Rahul Gandhi also spoke of the stressed assets problem affecting the banking system in the country.
“Indian banks have Rs 12.5 trillion of NPAs (non-performing assets). Indian banks are jam-shut because of the NPAs, basically belonging to 15-20 industrialists,” he said, adding that Modi’s ploy of “funding 15-20 top businesses was not going to create jobs”.
An official from the American embassy in Britain asked how Congress would bridge the gap between Bharatiya Janata Party’s (BJP’s) and Congress’s funds, and change the leaning of businessmen towards the BJP.
Rahul Gandhi said: “You’ll be surprised at the mood of the business community in India today. They expected a tremendous amount from Mr Modi, but he failed them. They are terrified of saying this publicly. There’s an immense amount of pressure from the Central Bureau of Investigation, from the Enforcement Directorate.”

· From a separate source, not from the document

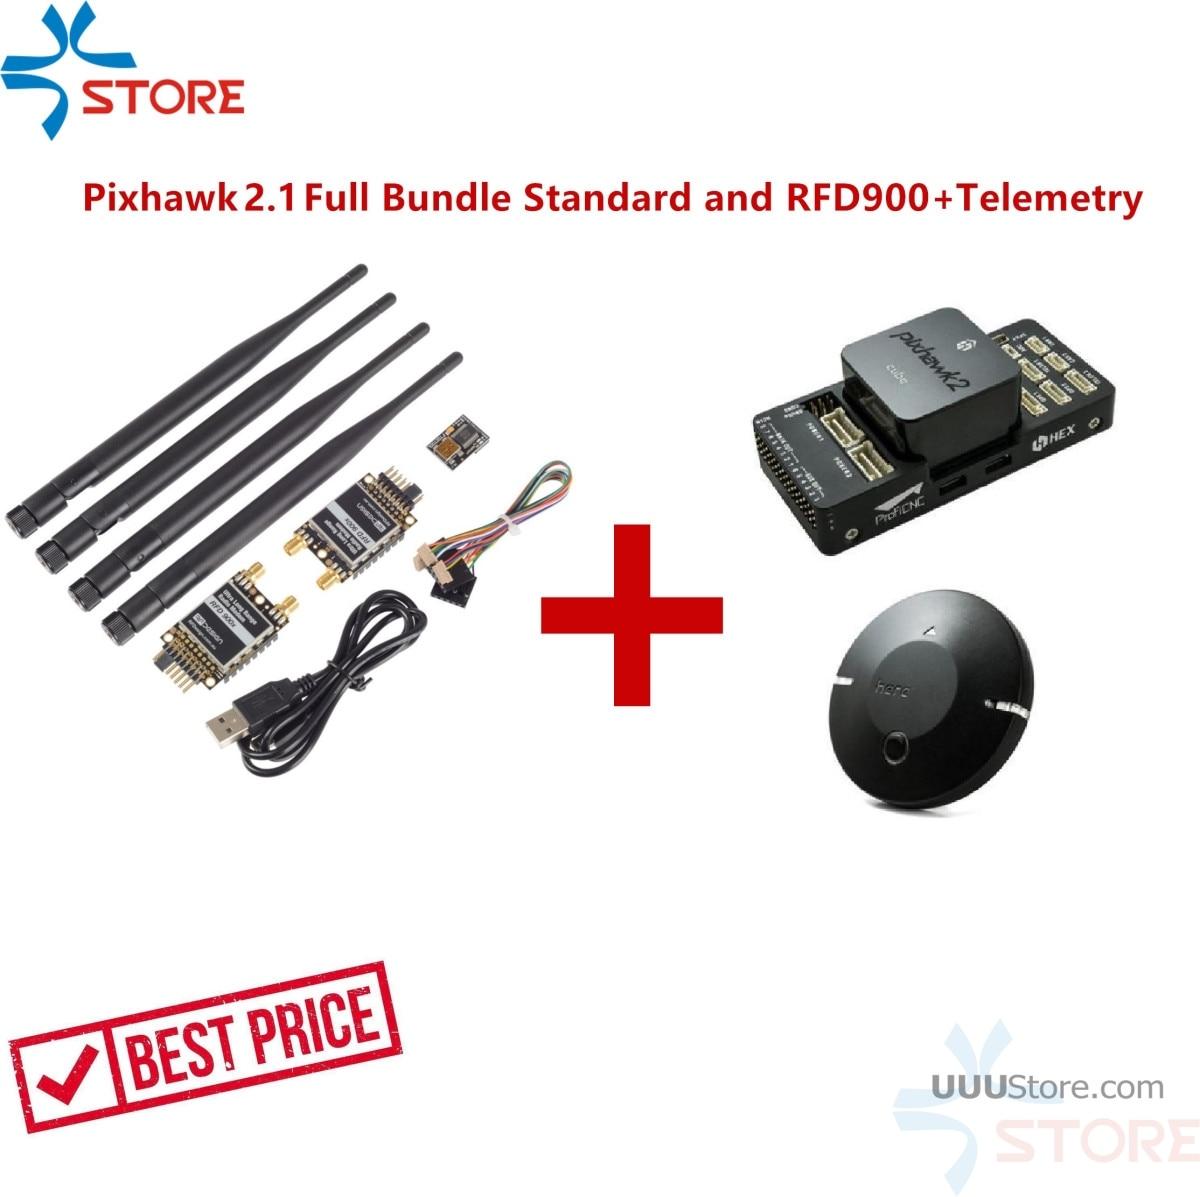 Tecnología hexagonal Pixhawk 2,1 paquete completo estándar placa de transporte RFD900 + Combo de telemetría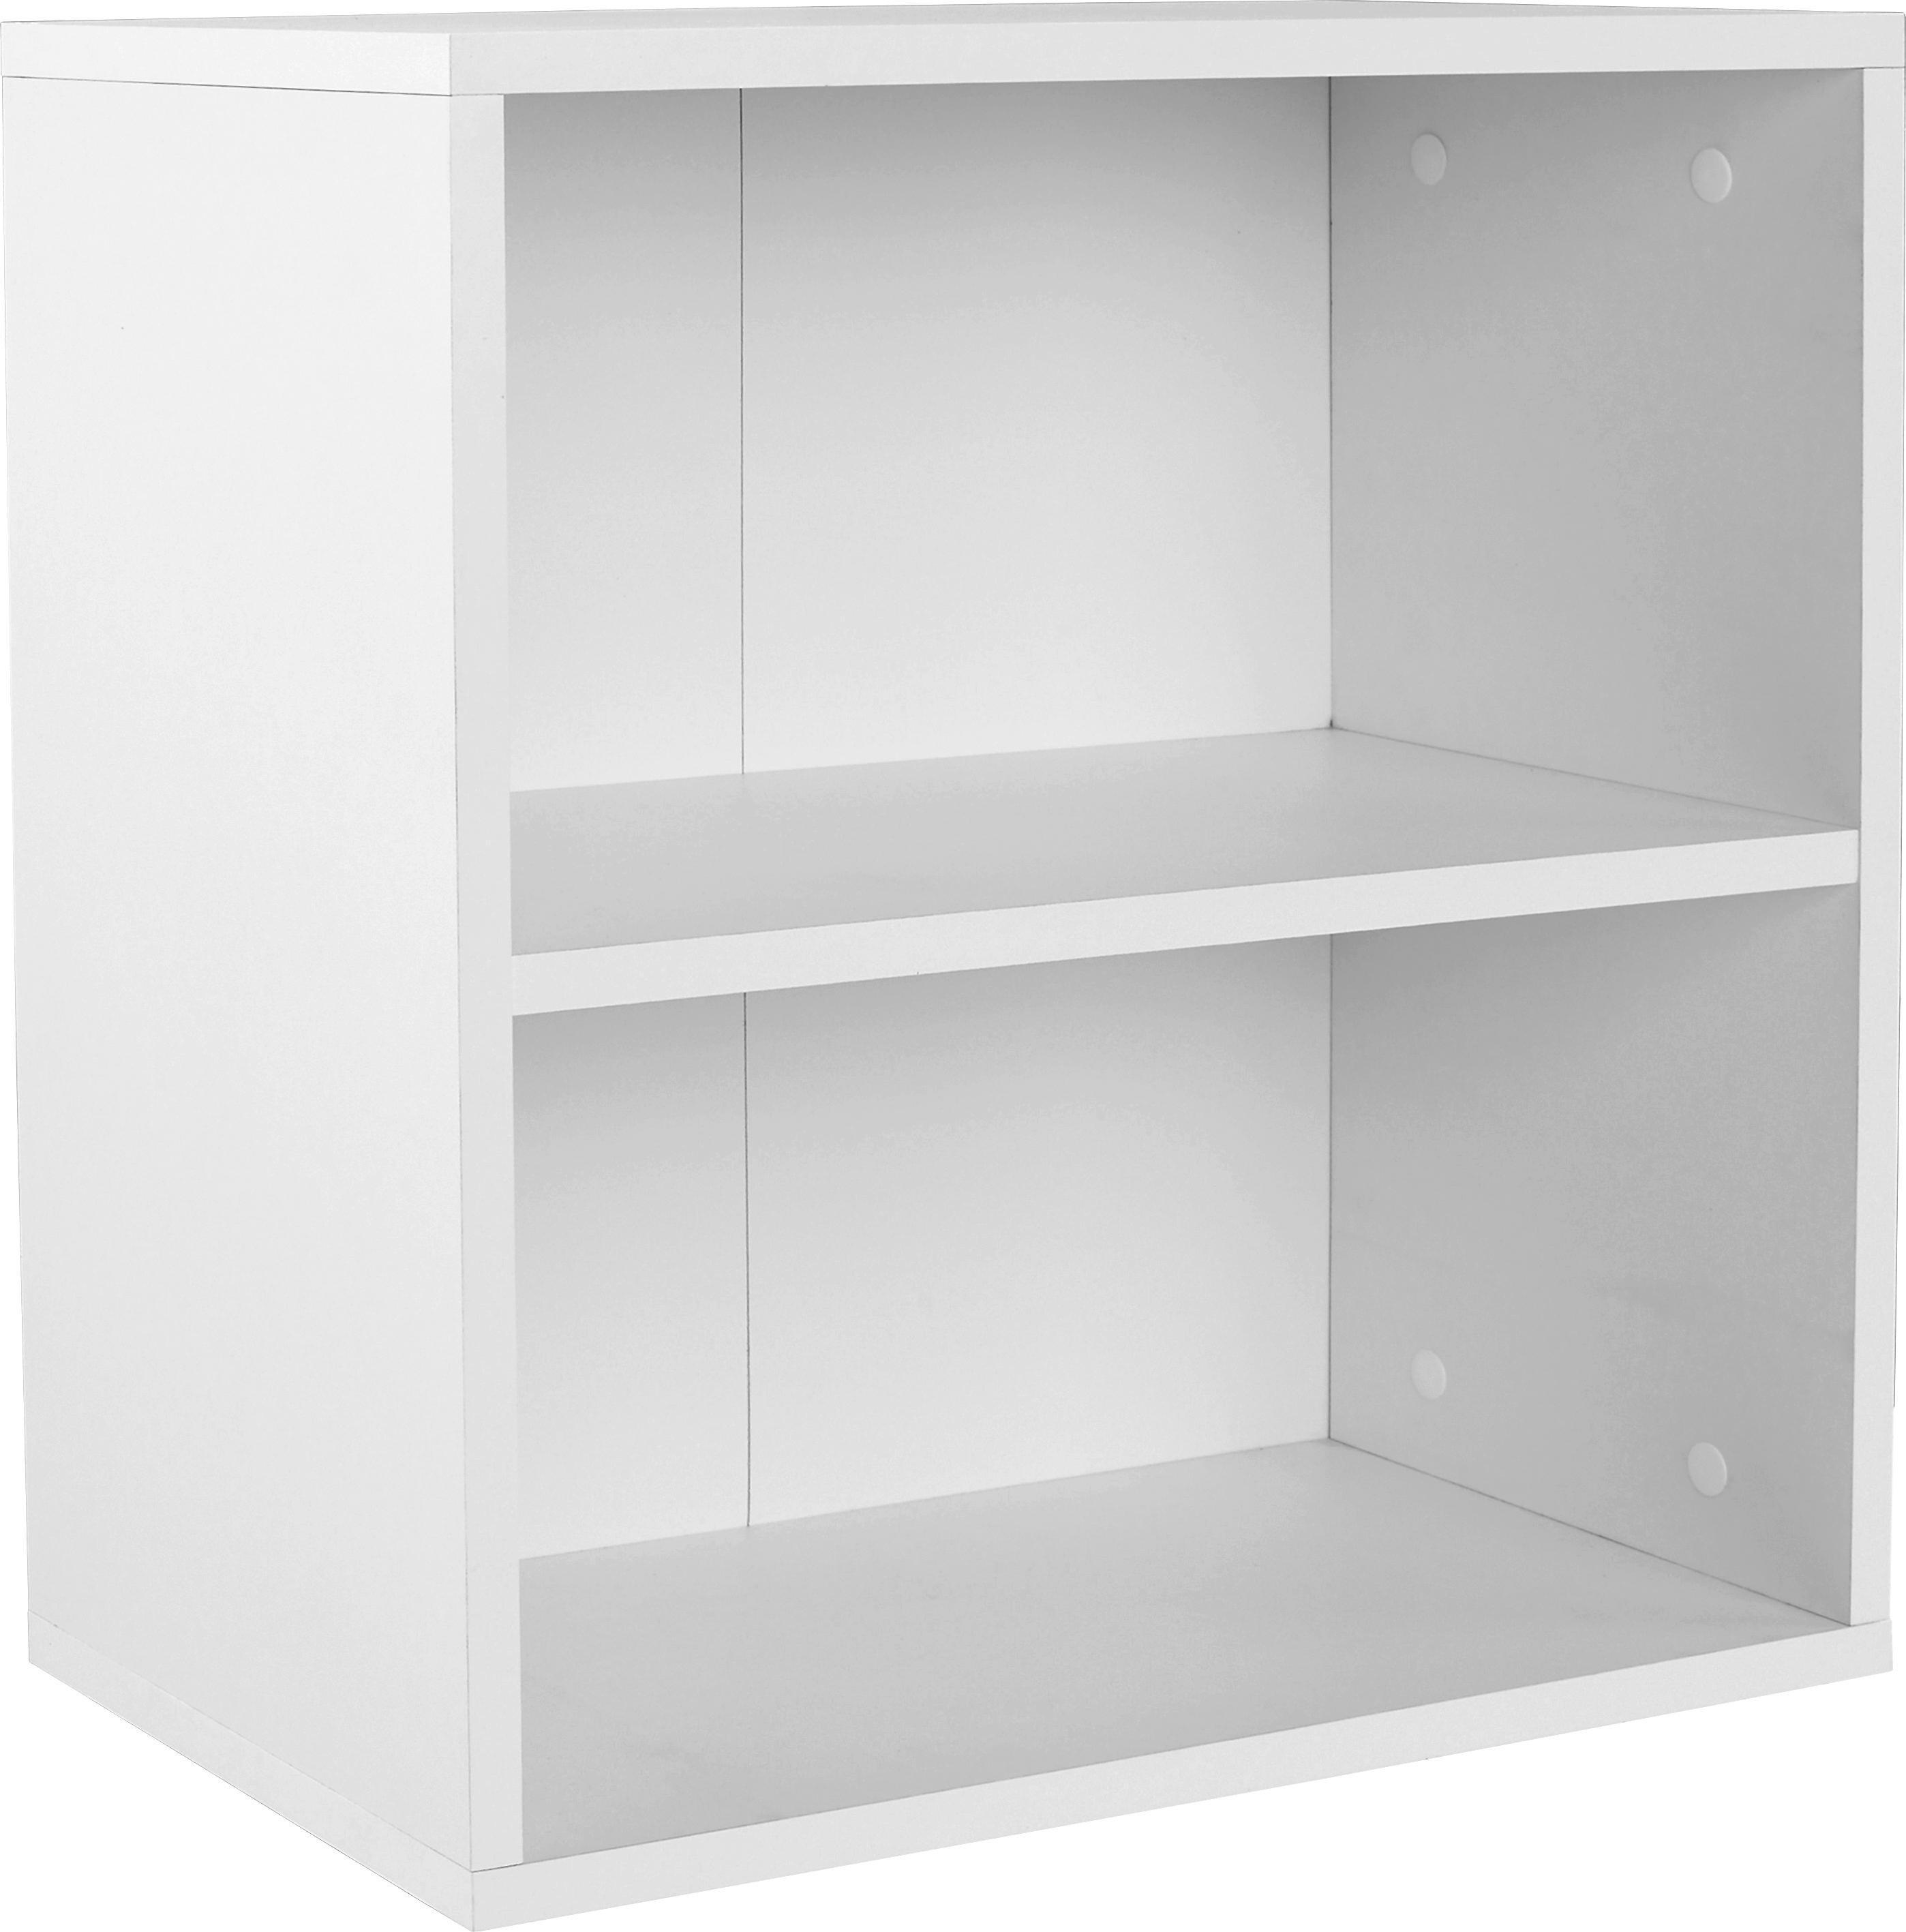 Wandregal Weiß 36 x 54 cm | Wandregal, Wandregal weiß, Regal

Among his unannounced engagements on Friday was a closed-door meeting with 24 businessmen at the exclusive Royal Automobile Club at Pall Mall.
Rahul Gandhi said in 2019, with the alliance that was taking shape in Uttar Pradesh, the Opposition would command 60 per cent of votes in the state and the “BJP cannot win five seats”, out of the 80 in the Lok Sabha. In 2014, the BJP had won 73 seats.
Rahul Gandhi, who has a Masters degree in economics from Trinity College, Cambridge, called for a programme of decentralisation. He also spoke of “breaking” what he described as the “monopoly” of the Ministry of External Affairs, by providing access to think tanks, “new voices”, to formulate foreign policy.
He did not specify whether the talent from think-tanks should be inducted into the Indian Foreign Service or serve contract periods in it.
“Not only is there a monopoly of the foreign ministry there also is the monopoly of the Prime Minister’s Office on the foreign ministry,” he said, adding External Affairs Minister Sushma Swaraj was a “capable lady”, but she “has nothing better to do than look after visas”.
With fears of Brexit going through without a deal, Rahul Gandhi was predictably asked about it. He said, “I have more questions, frankly… than answers.”
He met MPs and peers in the Houses of Parliament at an event hosted by the longest serving Indian-origin MP in the British House of Commons, Keith Vaz, and the Indian Overseas Congress (IOC). On Saturday, he will speak at a working lunch with Indian Journalists’ Association (Europe) and address an IOC rally at Ruislip near London.